= DATASET EXCERPT =
========================

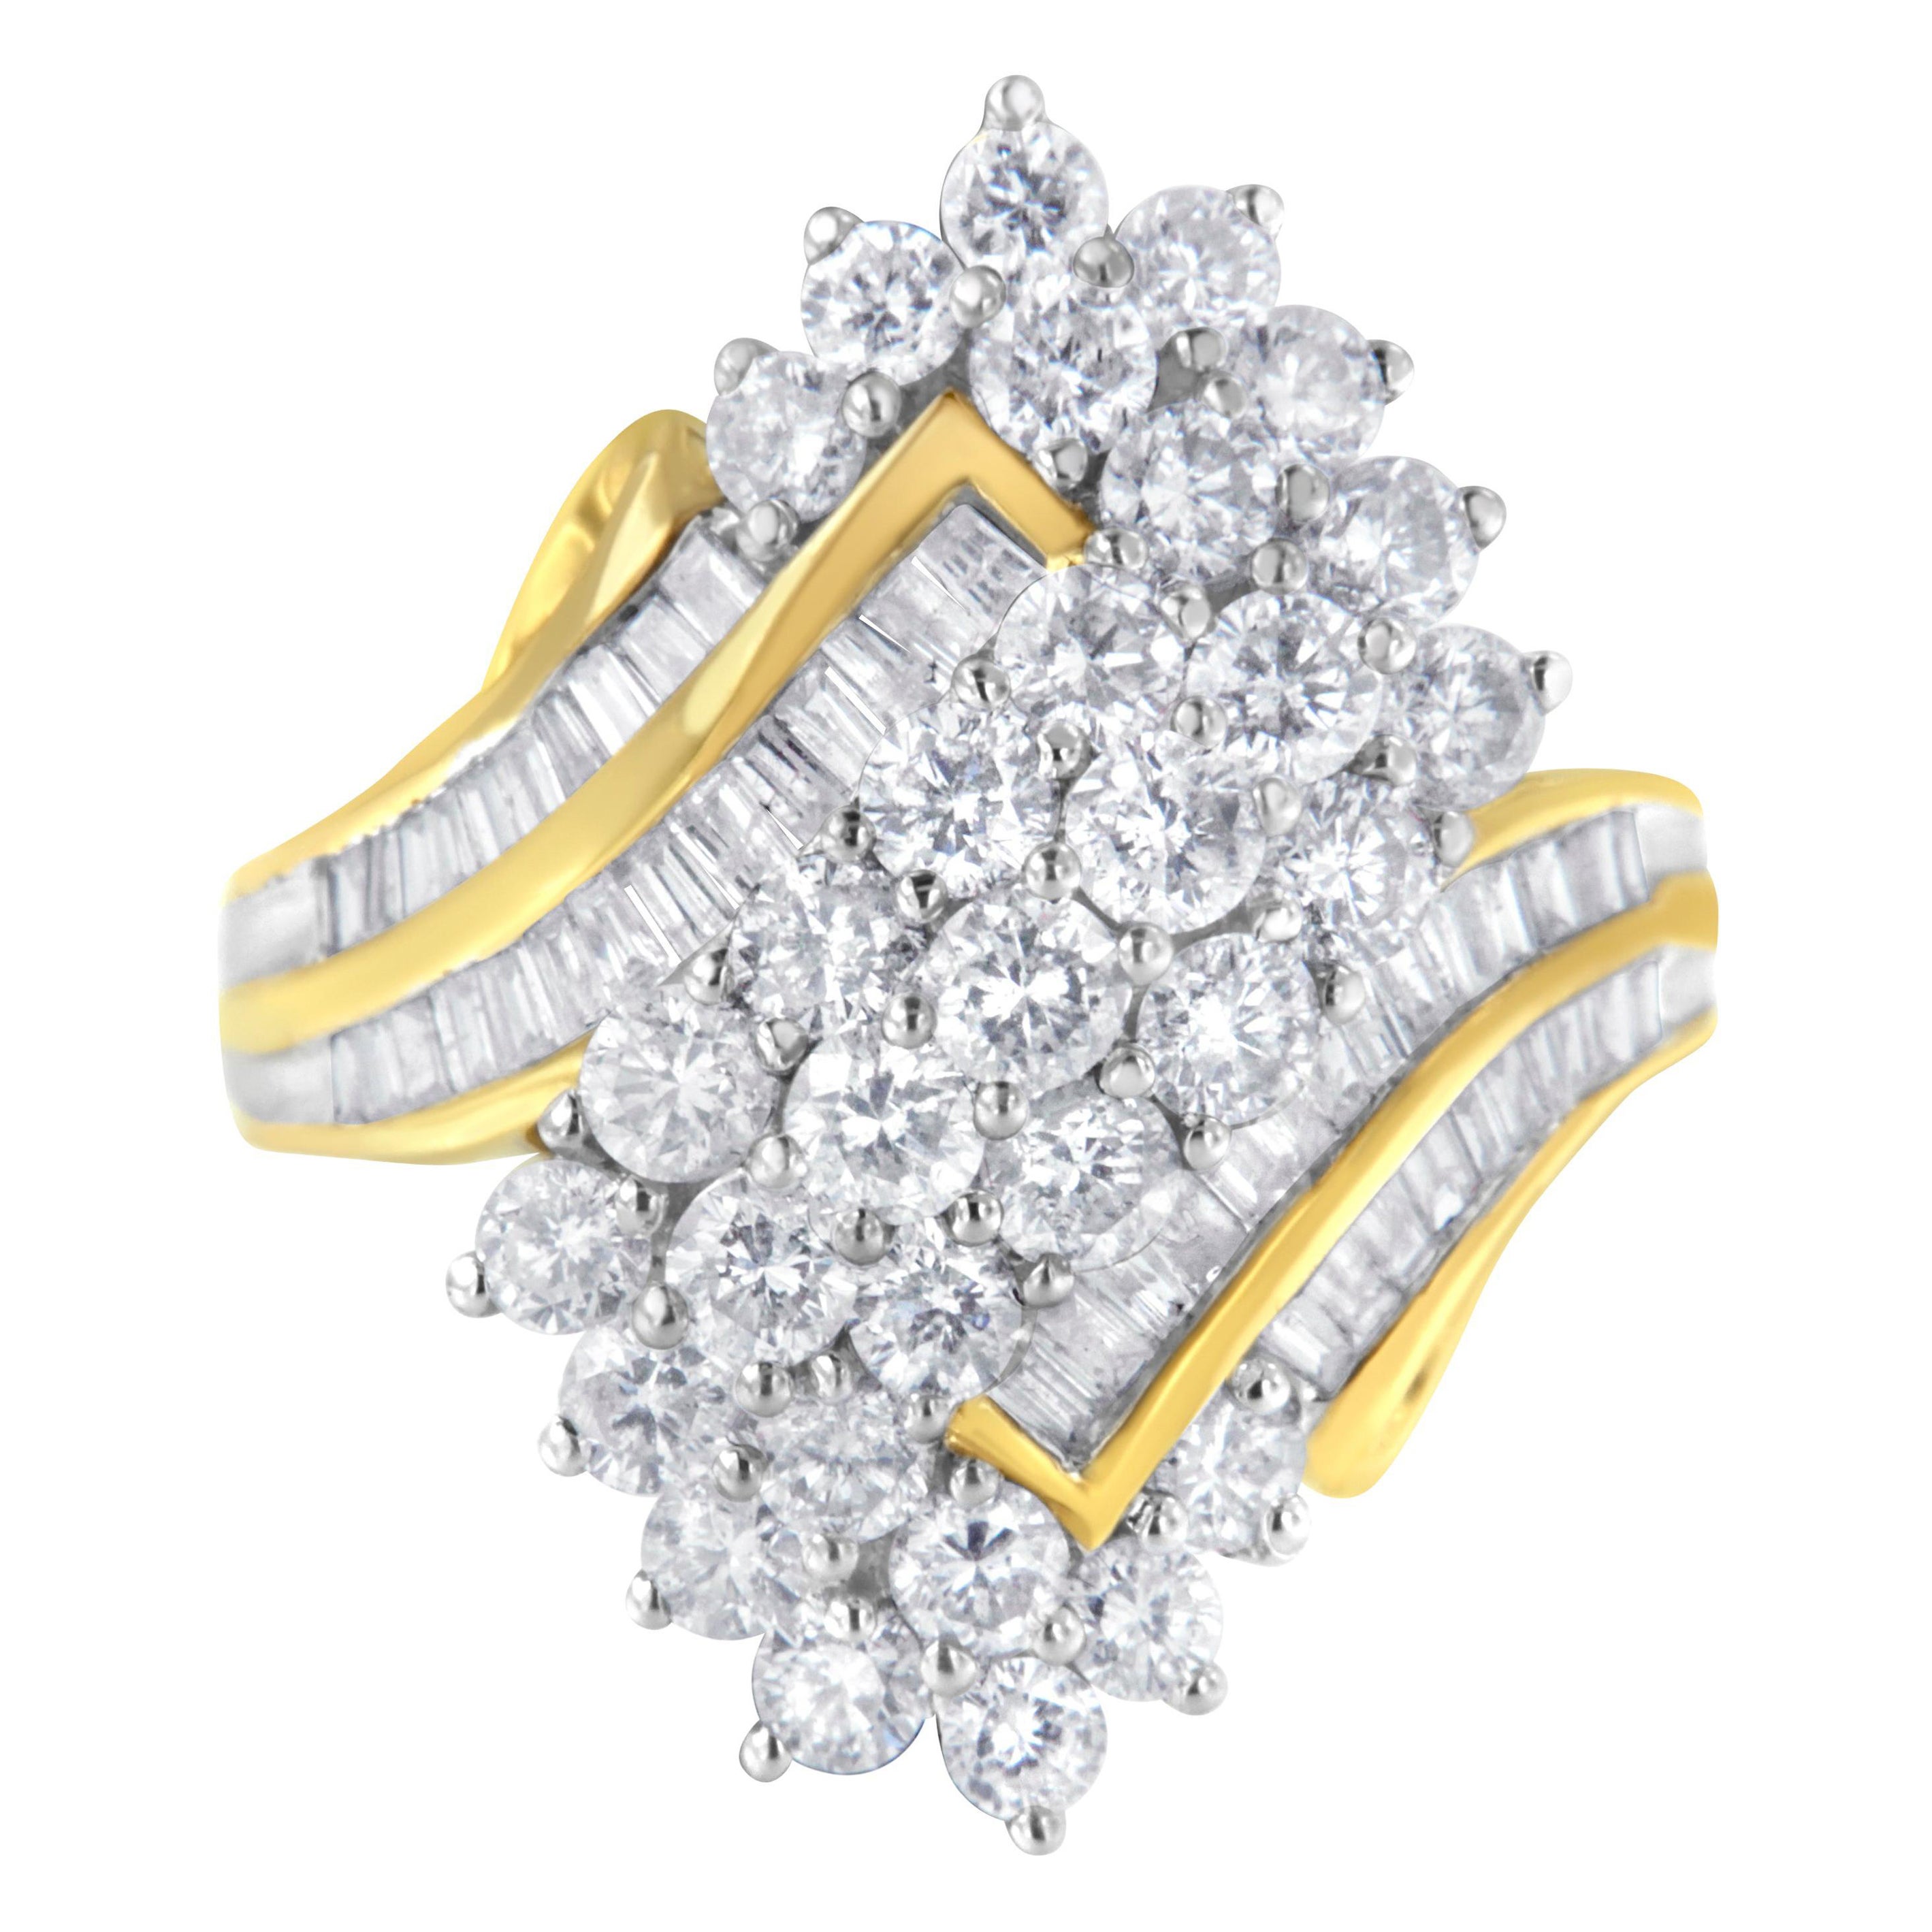 10K Yellow Gold 2 5/8 Carat Diamond Cluster Ring For Sale
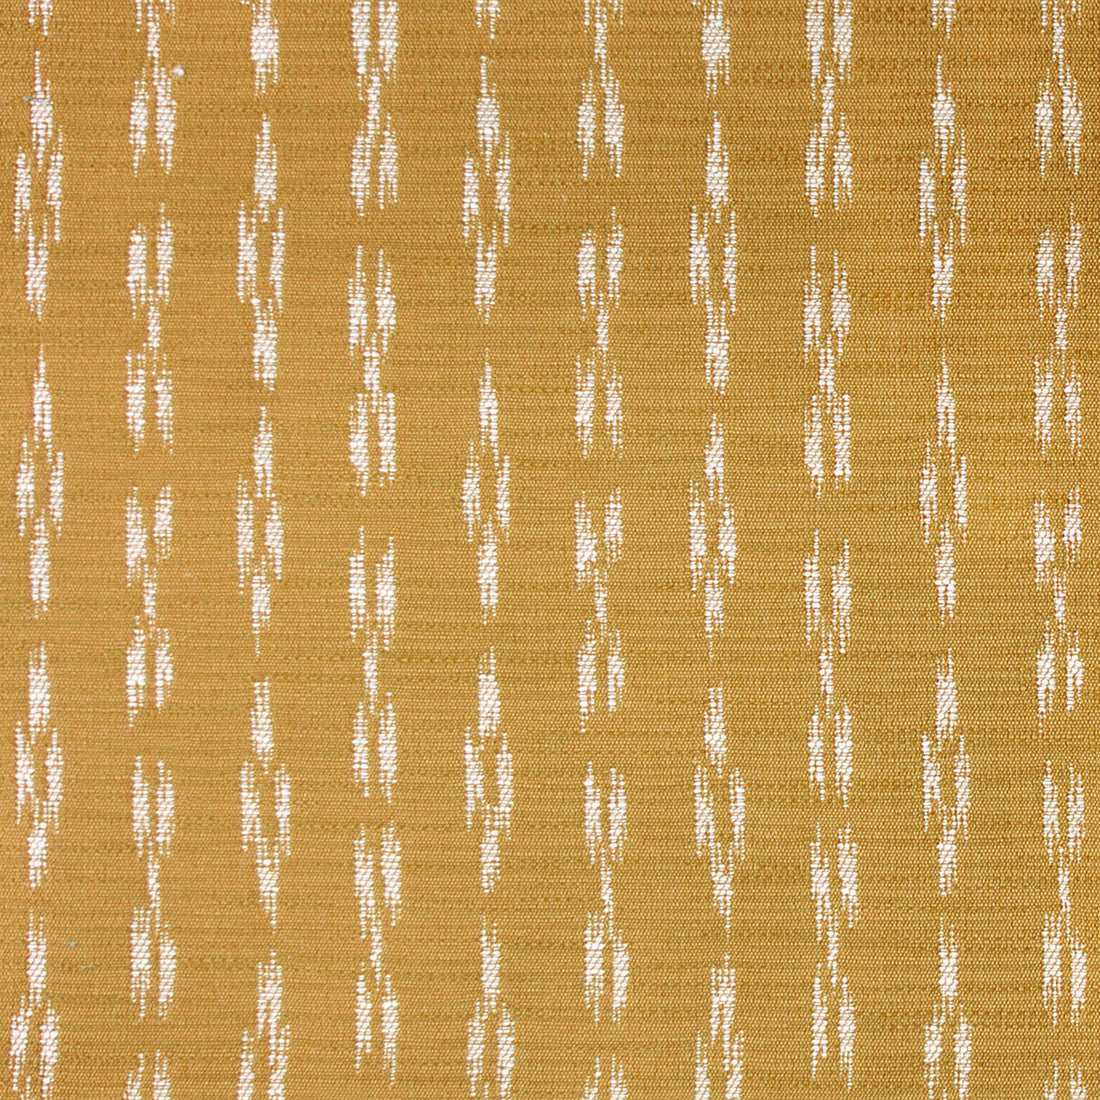 Yoko fabric in oro color - pattern GDT5647.002.0 - by Gaston y Daniela in the Gaston Japon collection
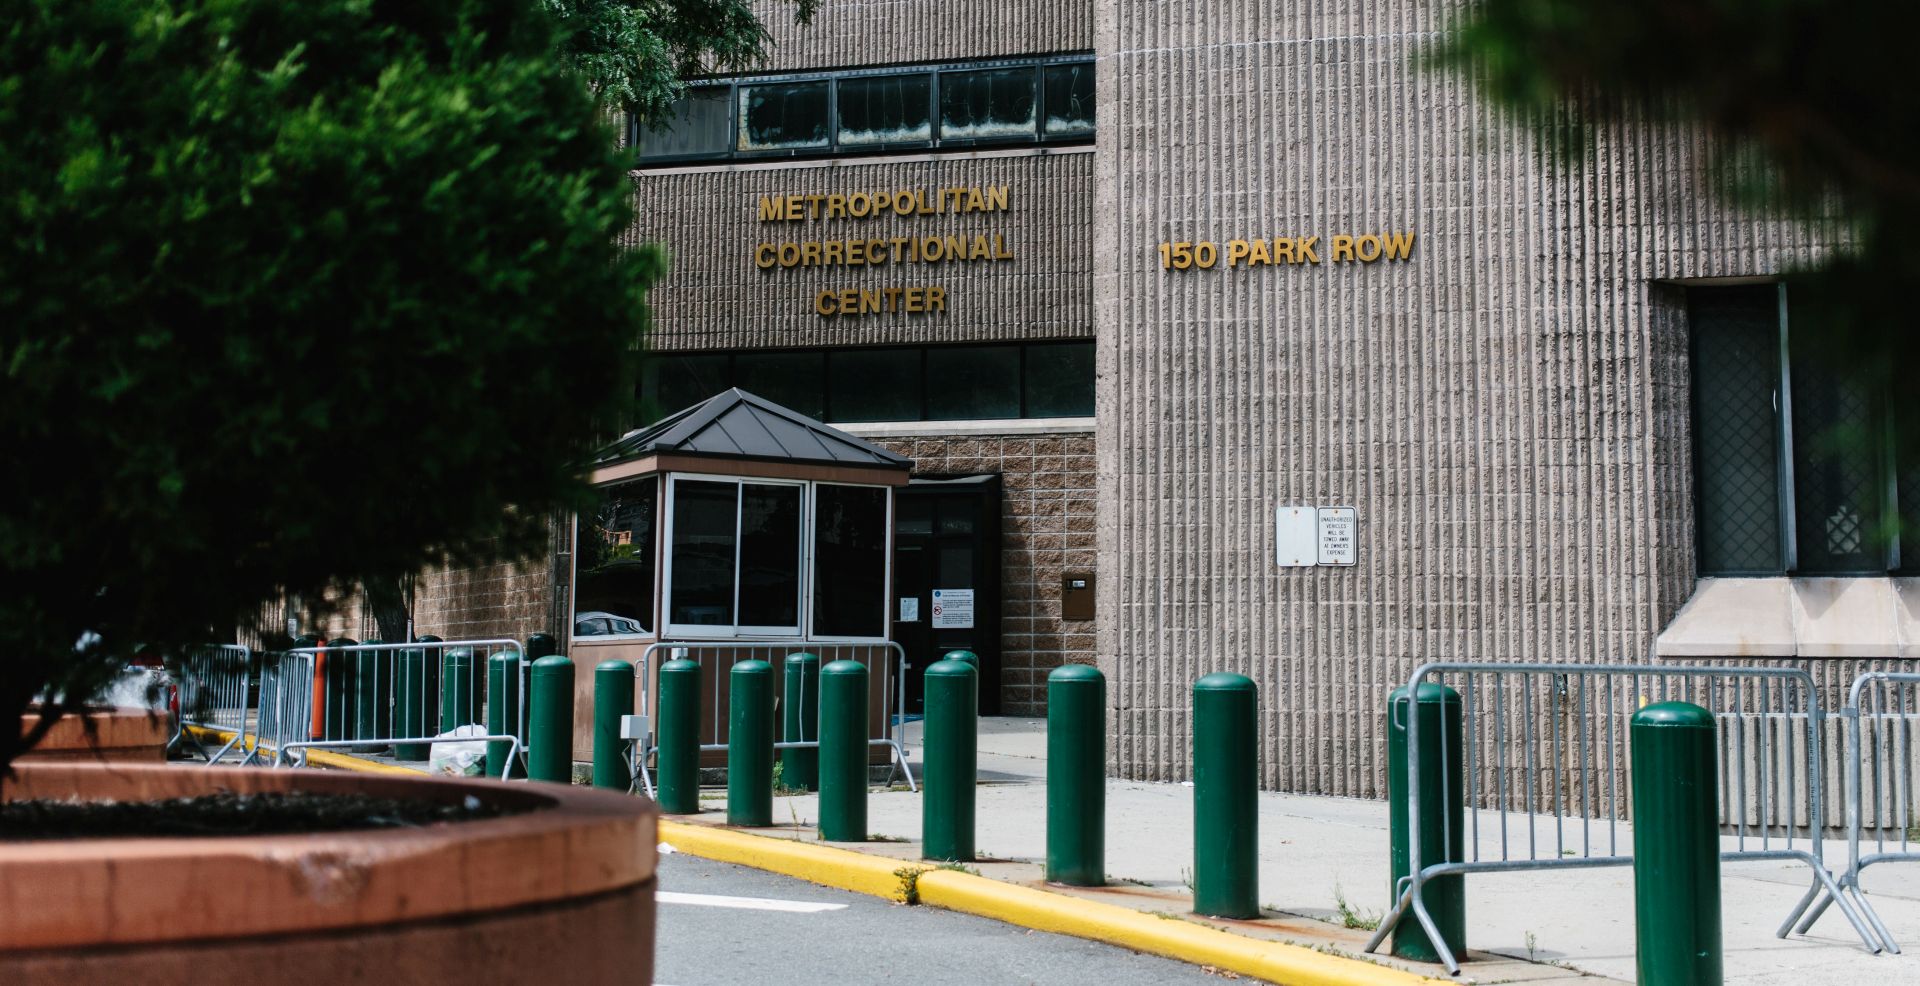 epa07766856 External view of the Manhattan Correctional Center where the US financier Jeffrey Epstein was found dead in New York, USA, 10 August 2019. According to media reports, Epstein was found dead in his prison cell on 10 August 2019 morning in the MCC Manhattan while awaiting trial on sex trafficking charges. An official confirmation by authorities of his death is pending.  EPA/ALBA VIGARAY
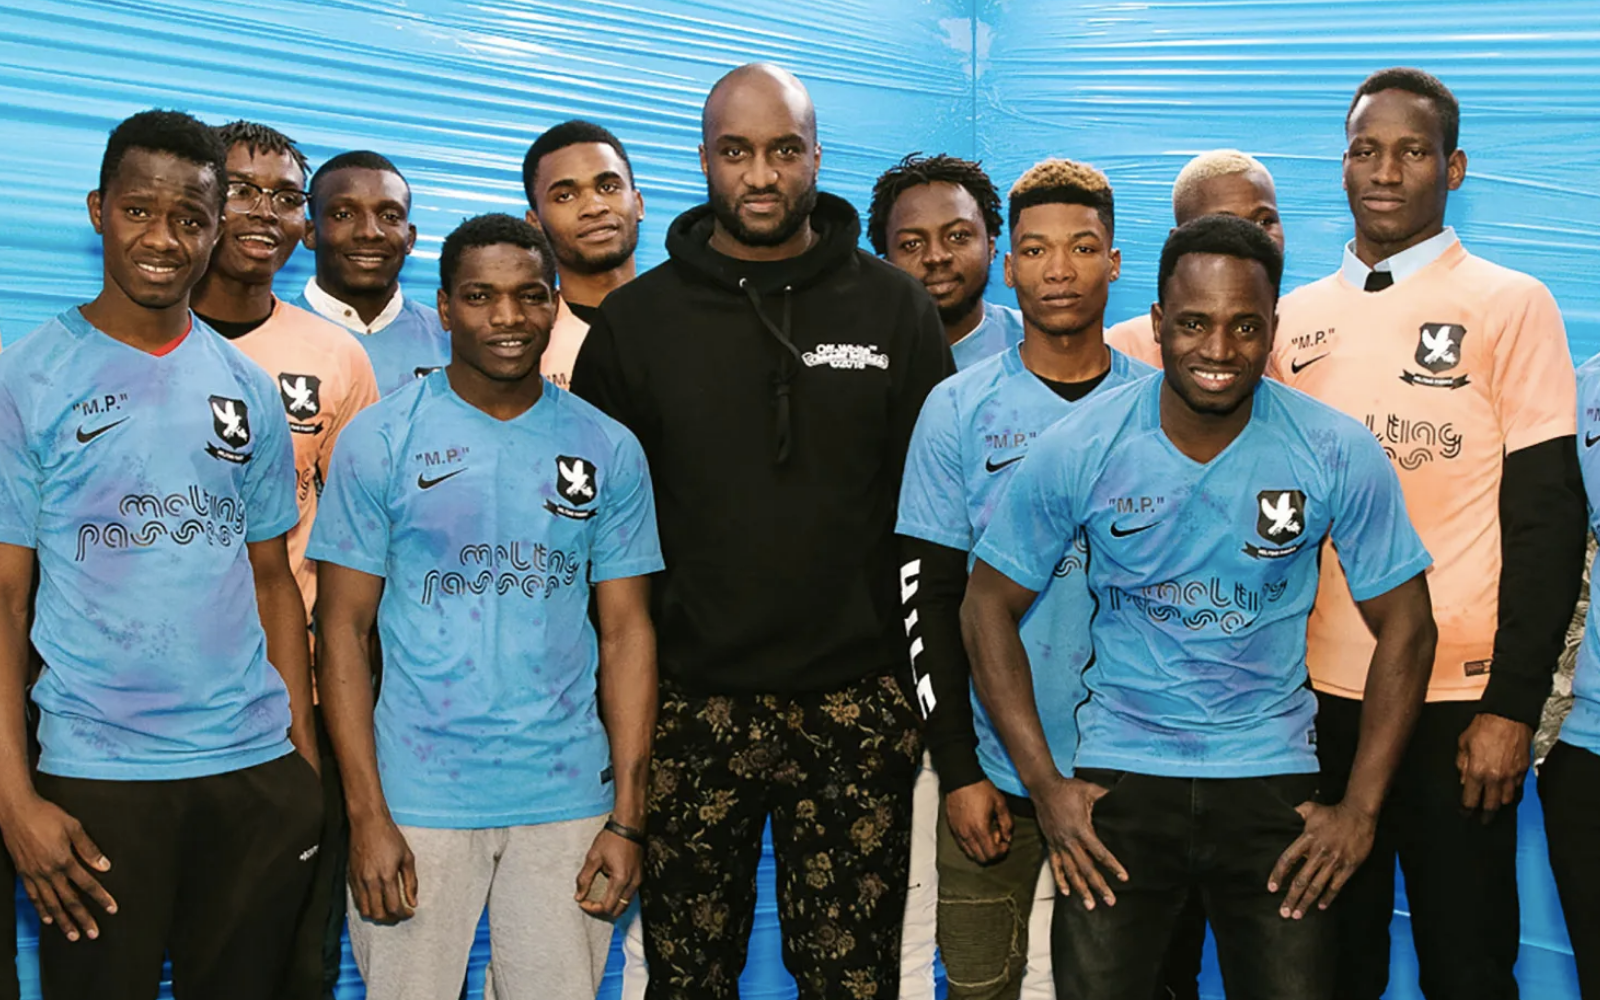 Virgil Abloh, Heron Preston, and More Contribute Designs to 'Our Lives in  T-Shirts' Charity Project in Miami

========================

Make an exact copy of the whole listing, but don't bring over any pictures.

= WRITTEN SOLUTION =
 10K Yellow Gold 2 5/8 Carat Diamond Cluster Ring For Sale
 Yoko fabric in oro color - pattern GDT5647.002.0 - by Gaston y Daniela in the Gaston Japon collection
 epa07766856 External view of the Manhattan Correctional Center where the US financier Jeffrey Epstein was found dead in New York, USA, 10 August 2019. According to media reports, Epstein was found dead in his prison cell on 10 August 2019 morning in the MCC Manhattan while awaiting trial on sex trafficking charges. An official confirmation by authorities of his death is pending.  EPA/ALBA VIGARAY
 Virgil Abloh, Heron Preston, and More Contribute Designs to 'Our Lives in  T-Shirts' Charity Project in Miami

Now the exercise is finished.